Behavior as a New Enterprise Asset

Most health systems manage three asset classes deliberately: clinical assets, financial assets, and, increasingly, information assets under a governance program with an executive sponsor and a budget line. Almost none manage a fourth, quieter asset: the organization’s accumulated ability to guide a specific patient toward a beneficial outcome. Call it a behavioral asset. Like any other asset, it depreciates without maintenance, needs an owner, and produces a return only when someone governs it deliberately rather than assembling it campaign by campaign.

Building it requires tools most CIOs already run elsewhere in the organization: identity resolution that follows a patient across encounters and channels, behavioral segmentation that groups patients by readiness to act rather than by risk score alone, and next-best-action logic that turns a static care gap into a specific message delivered through a specific channel at a specific moment.
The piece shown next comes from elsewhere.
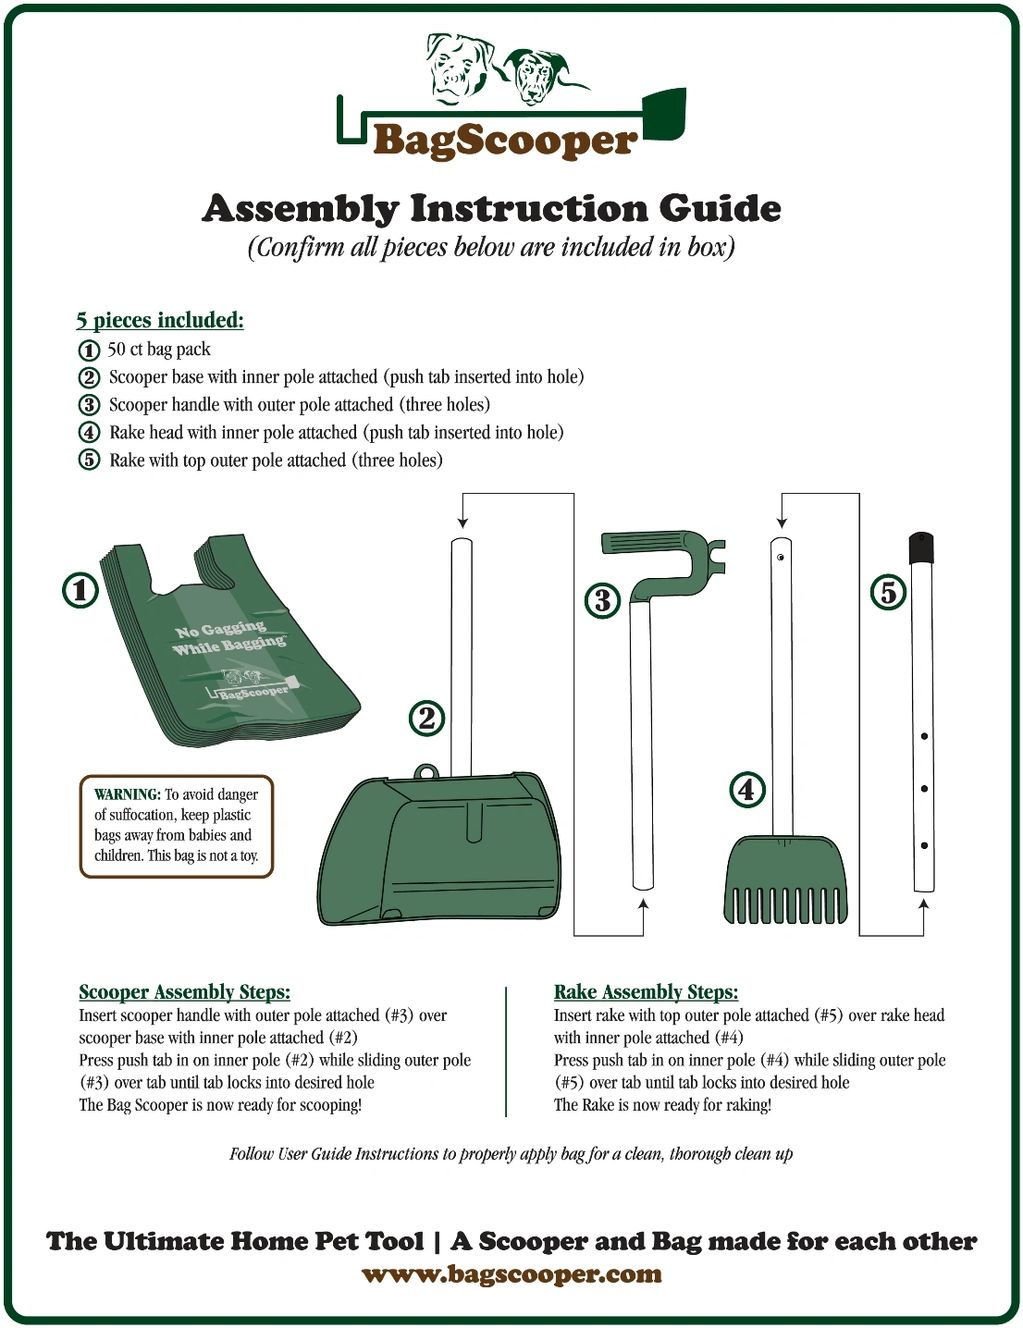 Easy Instructions Guide on how to assemble the Bag Scooper pooper scooper out of the box.
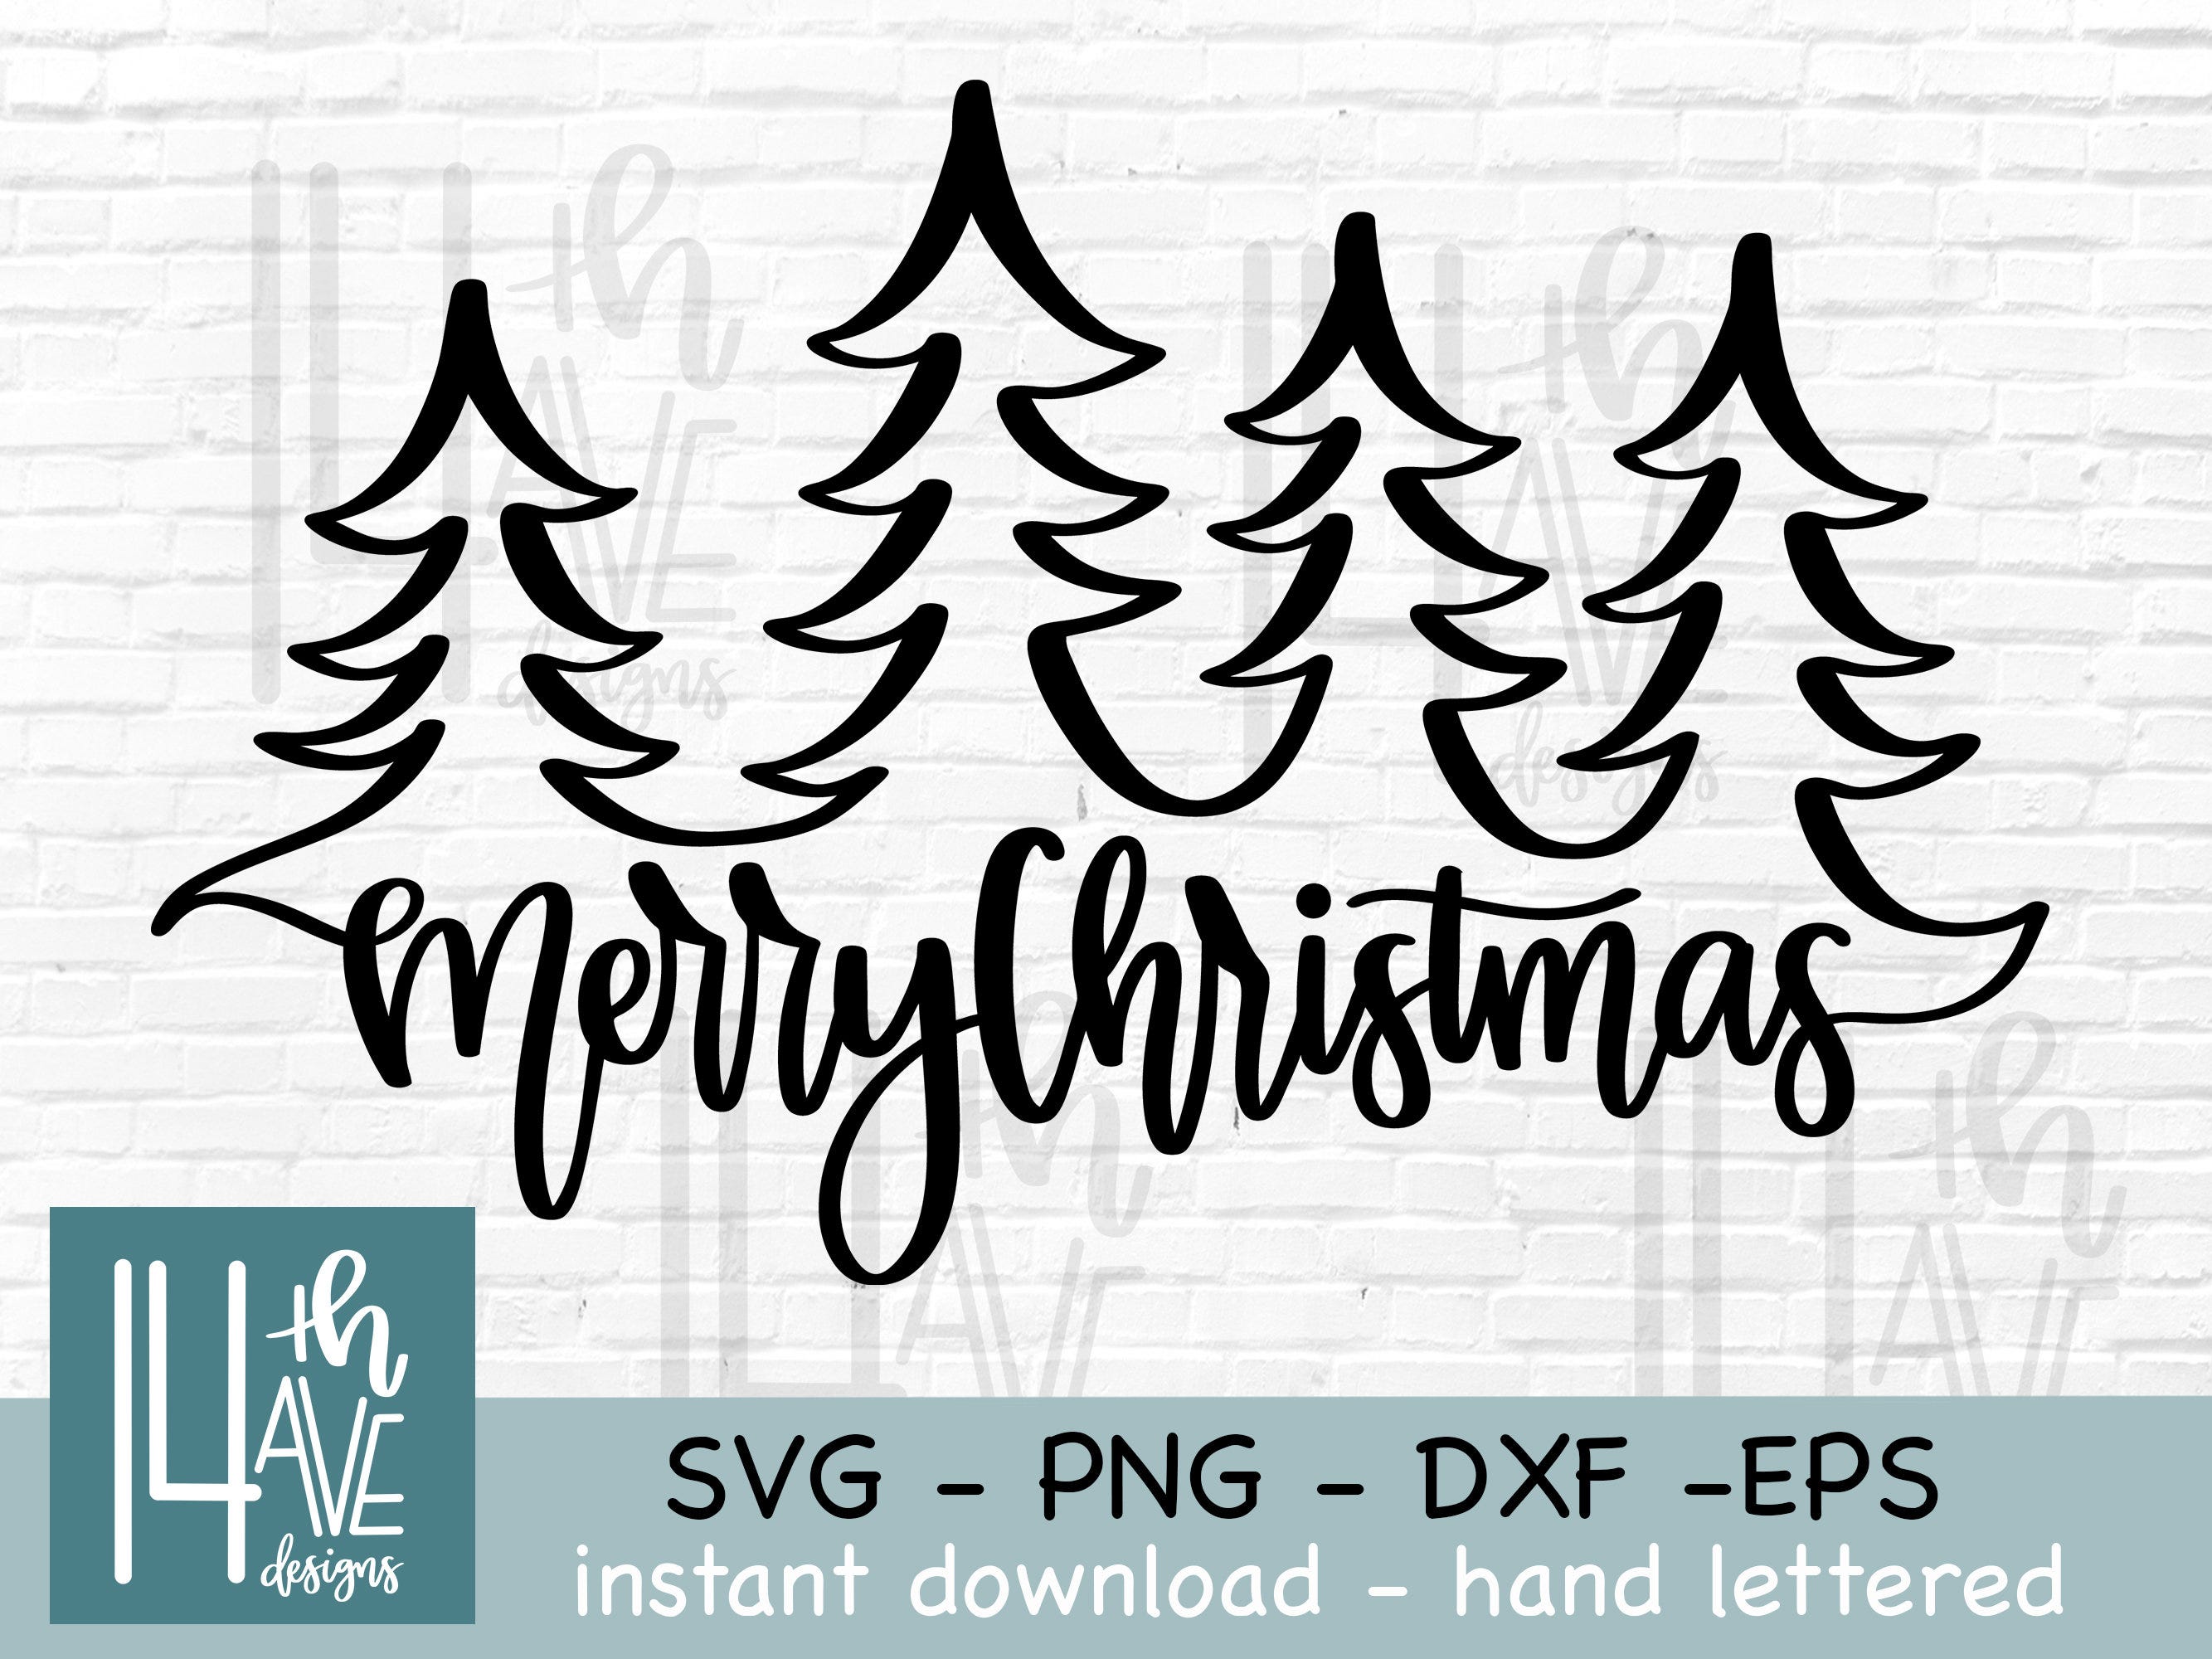 Merry Christmas SVG, Christmas Tree Cut File, Hand Lettered, Christmas Text Overlay, svg, png, dxf, clip art, eps

None of this demands new technology. What it demands is treating behavior change as a data product in its own right, owned and measured with the same discipline already applied to a patient’s lab values or a hospital’s balance sheet.

The appointment letter that never got opened wasn’t a data failure or even an operational failure. It failed because nothing downstream of the data was built to notice it failed, and adjust. Every health system or organization in any industry that is sitting on a well-governed data asset and a stalled outcome faces the same opportunity. The data strategy of organizations, perhaps particularly those in healthcare, shouldn’t be judged on how precisely they can predict what a customer or patient will do. Rather the strategy should be judged, and therefore focused on, making change happen.